Corona sei die Gelegenheit für demokratisches Sprechen. Dem ist beizupflichten, aber dafür braucht es auch eine Sicht über den eigenen Tellerrand hinaus.

Nadja Rakowitz, Maintal

Eigentliches Thema umschifft

Frau Streeruwitz tut so, als könne sie dieses "Unbehagen", das die Sprache der Virologen angeblich hervorruft, genauer fassen und dechiffrieren. Aber das tut sie in dem Artikel nicht. Stattdessen gibt sie sich gestelzt literarisch - " ... bilden sich in der EU ab. Und.

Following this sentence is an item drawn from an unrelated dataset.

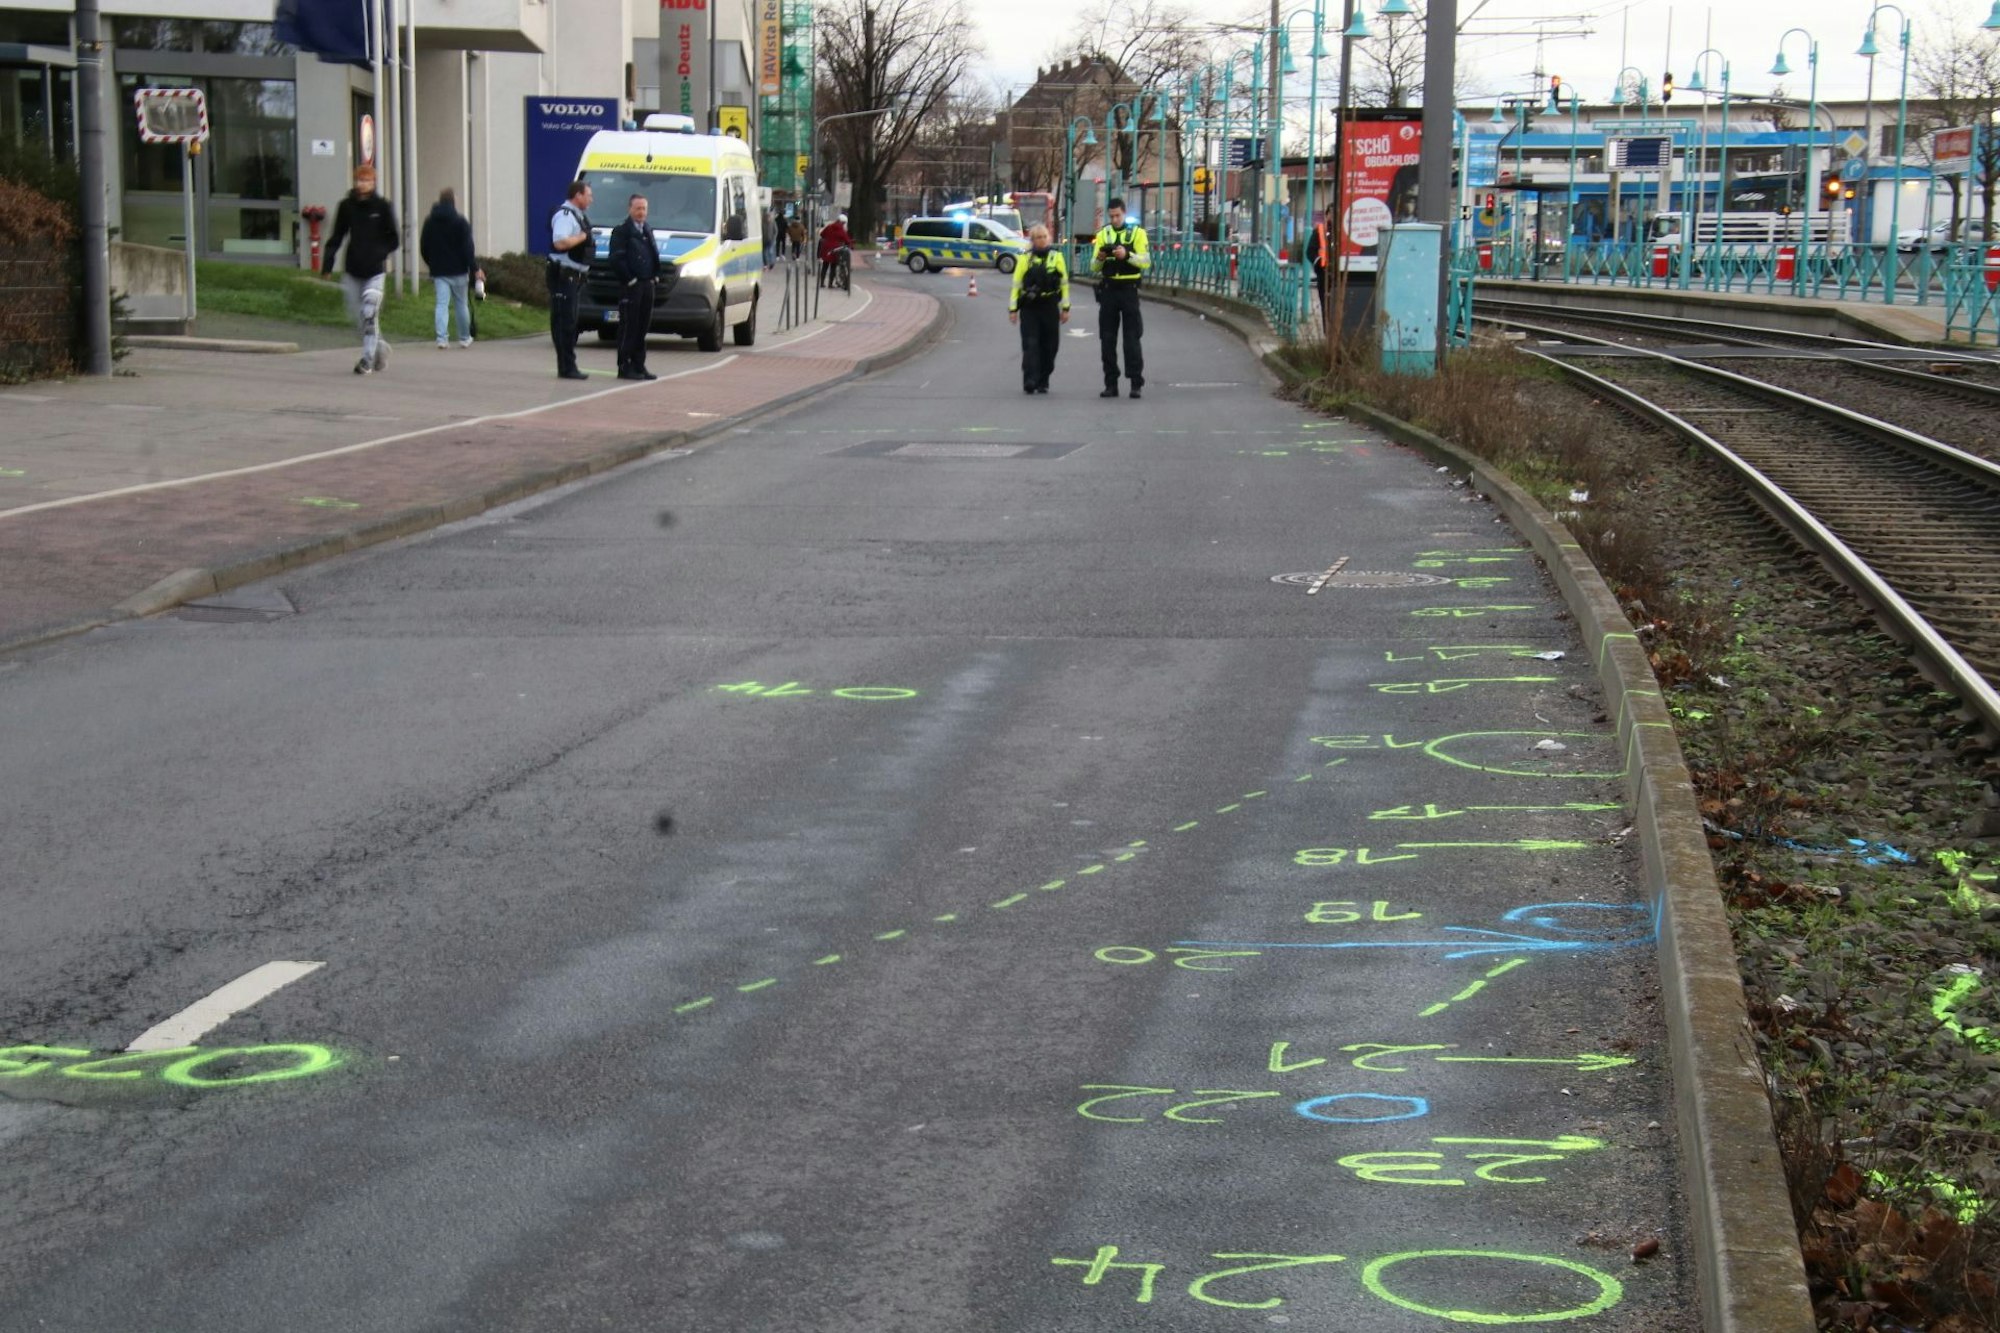 Die Polizei ist auf einer Straße im Einsatz, hat dort mit Kreisen, Pfeilen und Ziffern Spuren markiert.

Regionalerweise." Was soll das!? Der Text verliert sich in Beliebigkeiten, in absichtlich hingeworfenen Halbgedanken und Trivialitäten. Ja, die kleine Hanna würde gerne eine Freundschaftsparty feiern, und wer hätte dafür nicht Verständnis. Ja: "Alles ist eine Frage der Sprache und des Sprechens."

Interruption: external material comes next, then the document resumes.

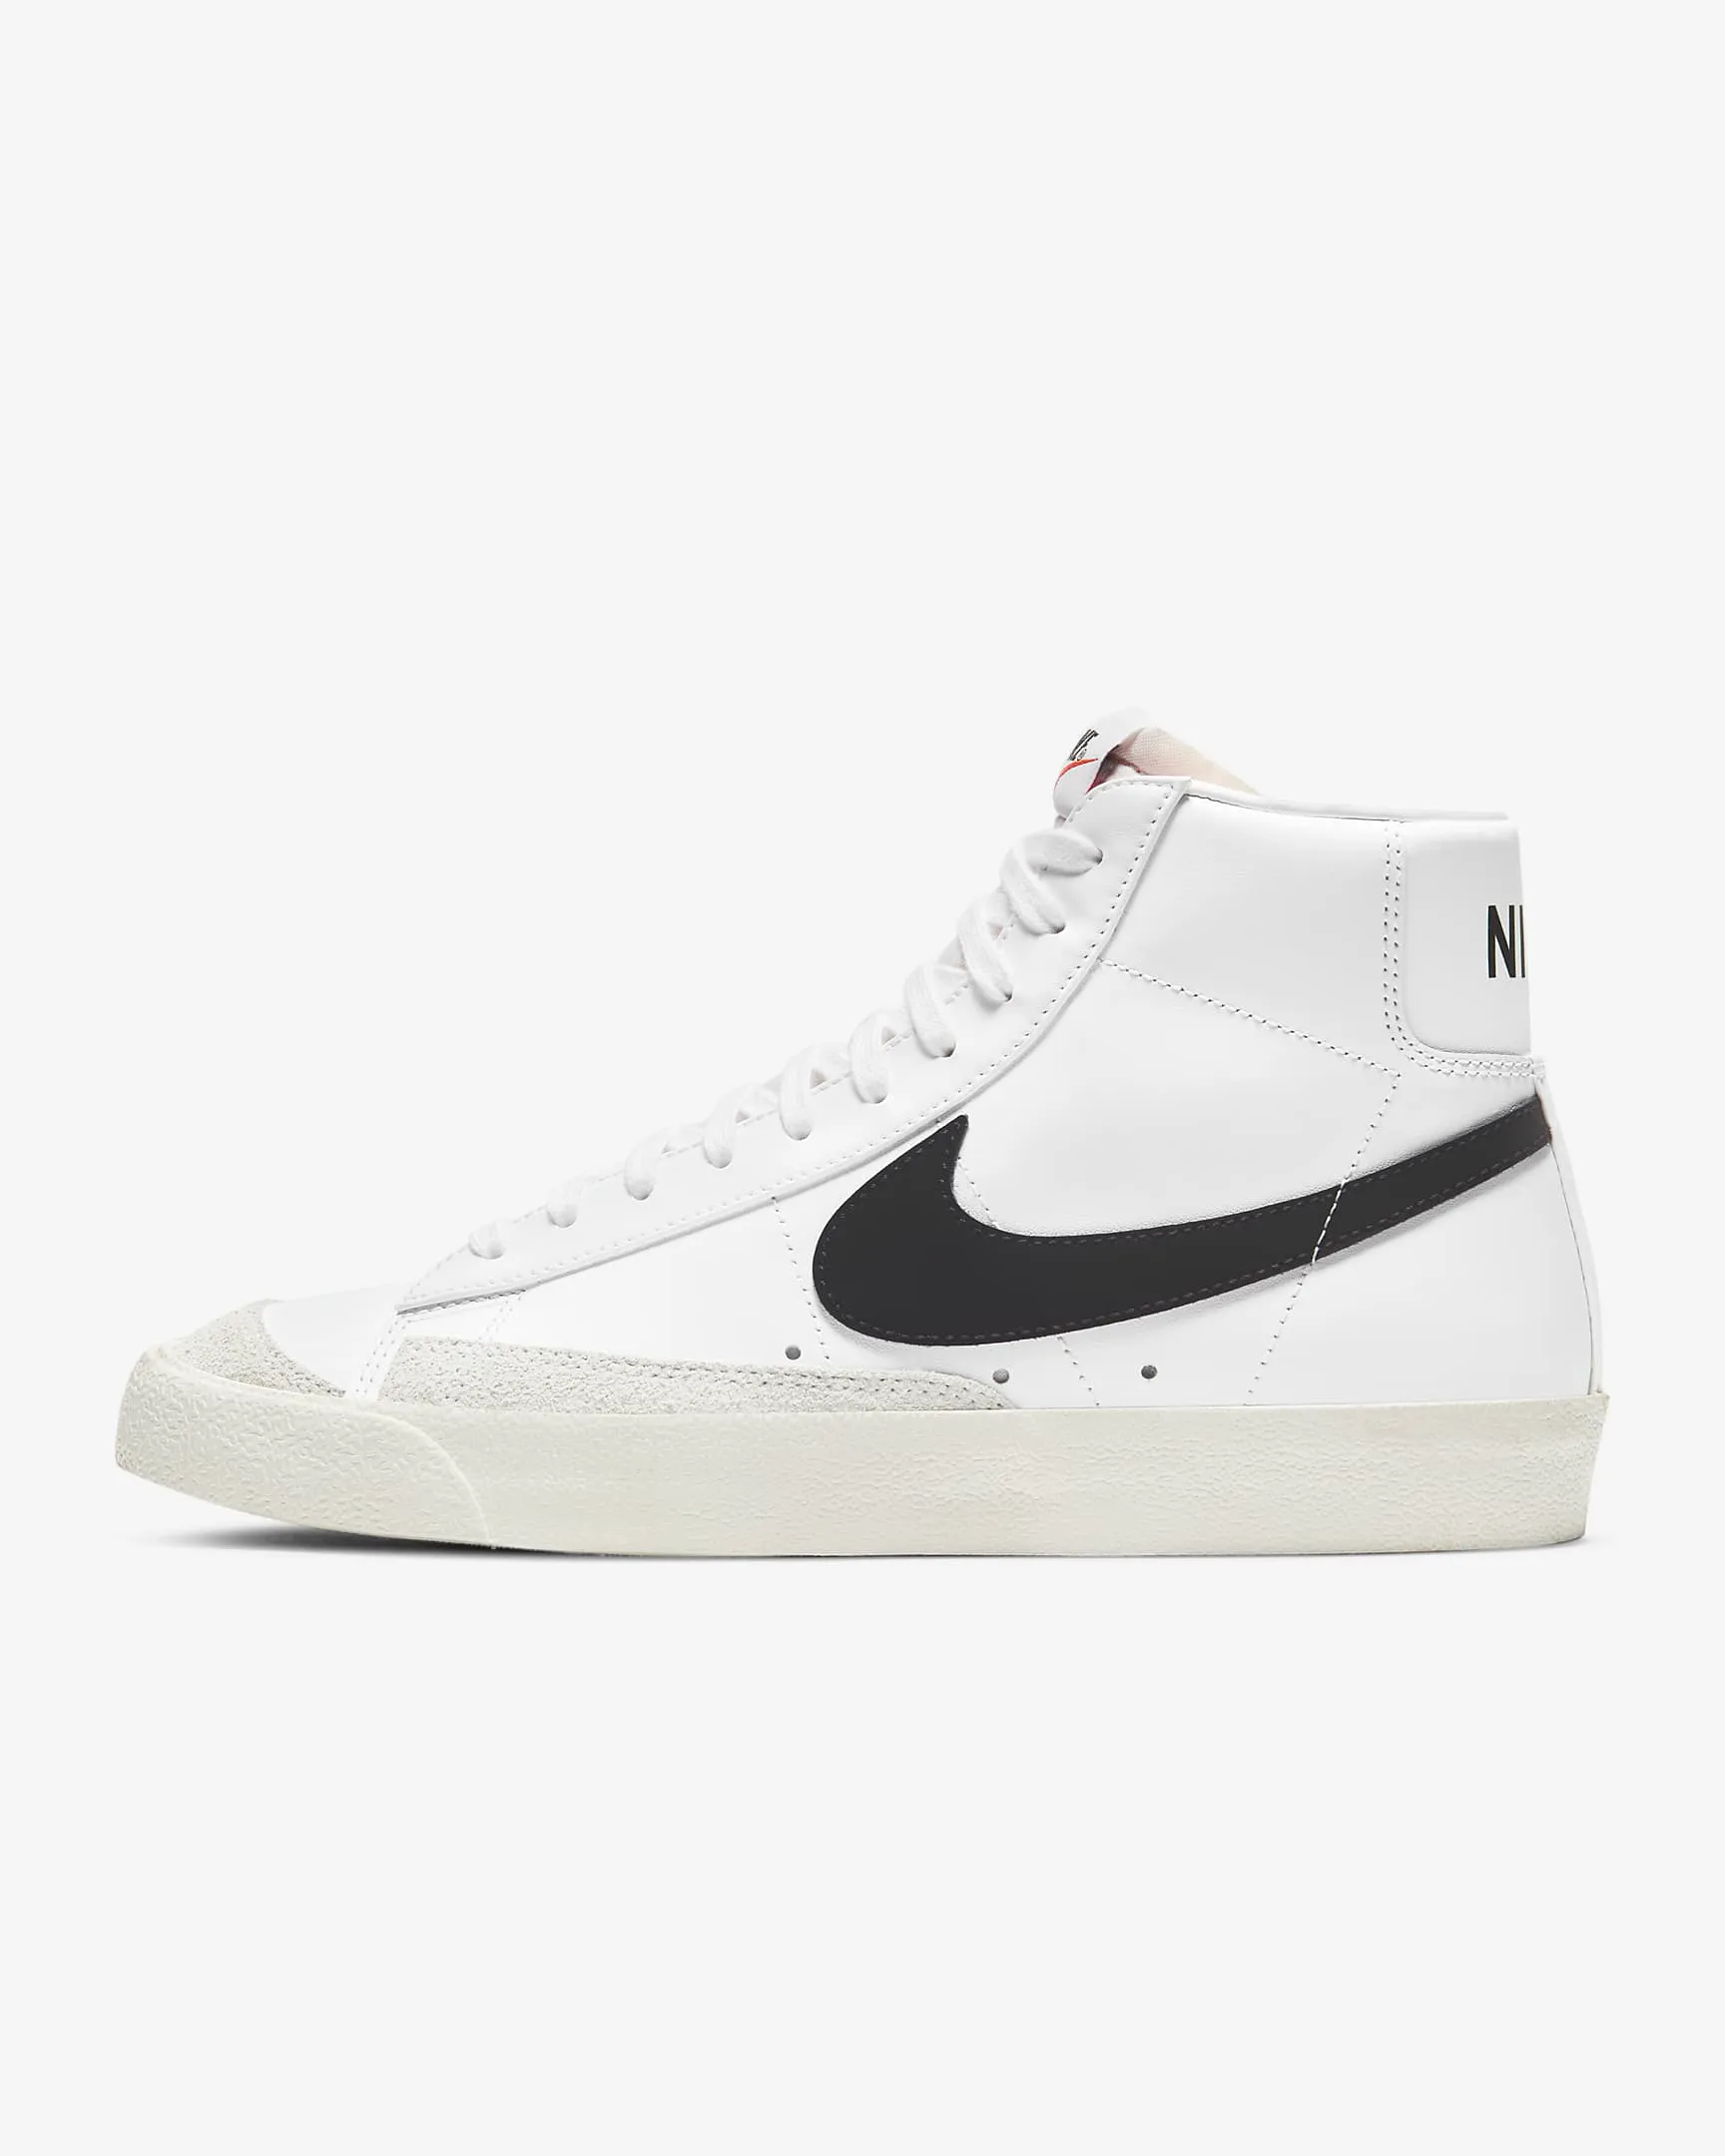 02 - Nike Air Force 1 '07 Sneakers

Auf eins kommt Frau Streeruwitz mit Bedacht allerdings nicht zu sprechen. Auf ihre unsäglich peinliche Behauptung, die Corona-Maßnahmen könne man mit den Nürnberger Rassegesetzen vergleichen von wegen "Entzug der Bürgerrechte". Stattdessen vermischt sie Anmerkungen zu Demokratie und Masse und greift damit zu einem der ältesten Hüte, die man sich aufsetzen kann; und sie schwenkt den Scheinwerfer auf das rechte Lager: Trump, Haider etc., da geht immer was, wenn man Aufsehen braucht - und sie spielt mit dem letztlich absurden Gedanken, dass zum Lockdown auch noch Denkverbote hinzukommen könnten. Geht es nicht eine Nummer kleiner? Und nebenbei: Sind Gedanken nicht per se frei? Man möchte ihr zurufen: Hören Sie auf abzulenken, fassen Sie sich, ordnen Sie ihre Gedanken, und dann schreiben Sie. Am besten, indem Sie bei der Sache bleiben (zum Beispiel Bürgerrechte!).

Eckhard Hooge, Melle-Buer

Auf die Sprachwahl achten

Seit Langem ärgere ich mich über die manchmal verharmlosende Ausdrucksweise im Umgang mit Themen unserer NS-Vergangenheit. In "Die totale Analogie" schreibt Alex Rühle in einer Kritik an einem Stück der Schriftstellerin Streeruwitz, Sophie Scholl sei von der Gestapo verhaftet, verhört und vier Tage später hingerichtet worden. Meine Meinung ist, dass niemand von den Nazis gerichtet wurde, denn meines Wissens hat das Wort "richten" unter anderem auch mit Gerechtigkeit zu tun. Meiner Meinung nach wurde jeder, der in dieser Zeit unter Mitwirkung der Justiz oder gleichartiger Institutionen - ich denke da an sogenannte Feld- oder Standgerichte - sein Leben lassen musste, von den Nazis ermordet wurde. Dabei ist egal, ob es sich um Mitglieder der Weißen Rose, Stauffenberg, Canaris, Walter Benjamin, Georg Elser, die Gebrüder Sass oder unzählige unbekannte und namenlose Deserteure, sogenannte Plünderer oder sonstige als "Volksschädlinge" bezeichnete Personen handelte.